What are the implications of R + W > N for Cassandra clusters?

The basic problem we are trying to solve is this:

Can a situation occur in which a read doesn't return the most up-to-date value?

Obviously, this is best avoided if possible!

If R+W <= N, then this situation can occur.

A write could send a new value to one group of nodes, while a subsequent read could read from a completely separate group of nodes, and thus miss the new value written.

If R+W > N, then this situation is guaranteed not to occur.

There are N nodes that might hold the value. A write contacts at least W nodes - place a "write" sticker on each of these. A subsequent read contacts at least R nodes - place a "read" sticker on each of these. There are R+W stickers but only N nodes, so at least one node must have both stickers. That is, at least one node participates in both the read and the write, so is able to return the latest write to the read operation.

R+W >> N is impossible.

The maximum number of nodes that you can read from, or write to, is N (the replication factor, by definition). So the most we can have is R = N and W = N, i.e. R+W = 2N. This corresponds to reading and writing at ConsistencyLevel ALL. That is, you just write to all the nodes and read from all the nodes, nothing fancy happens.


Quorum write and Quorum read allow to detect stale values in a leaderless replication system.

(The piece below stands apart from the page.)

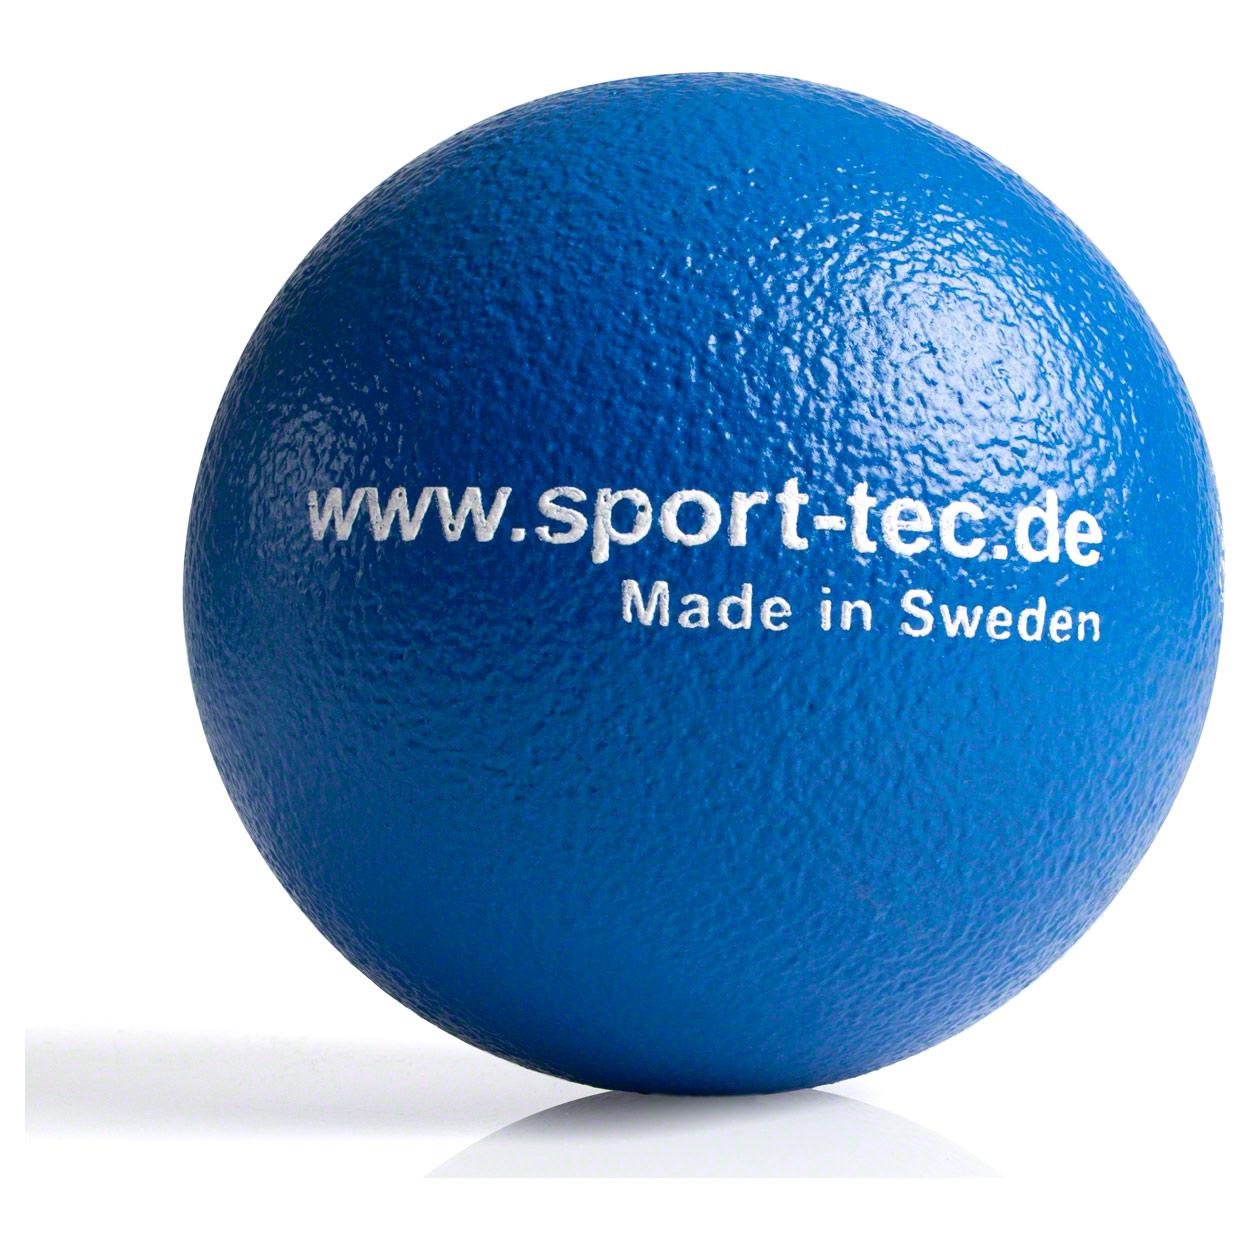 schaumstoffball softball spielball aus schaumstoff beschichtet ebay. Black Bedroom Furniture Sets. Home Design Ideas

For example, we have 3 replicators A, B, C (N=3). C is down during a user update. The update is accepted on both A and B (Write = 2).

When the user reads the value, C comes back. It's possible to read a stale value in C. In order to detect the stale value, the user will also read from B (Read = 2).

When the user received updates from B and C, a version number can be used to determine which value is newer(B has a newer version number).

In this scenario, where Write = 2, Read = 2, N = 3, R + W > 3, we are certain that any stale value can be detected.

For R + W = 3, it's possible to have written in A and B, but only read from C. In this case, we can't detect the stale value.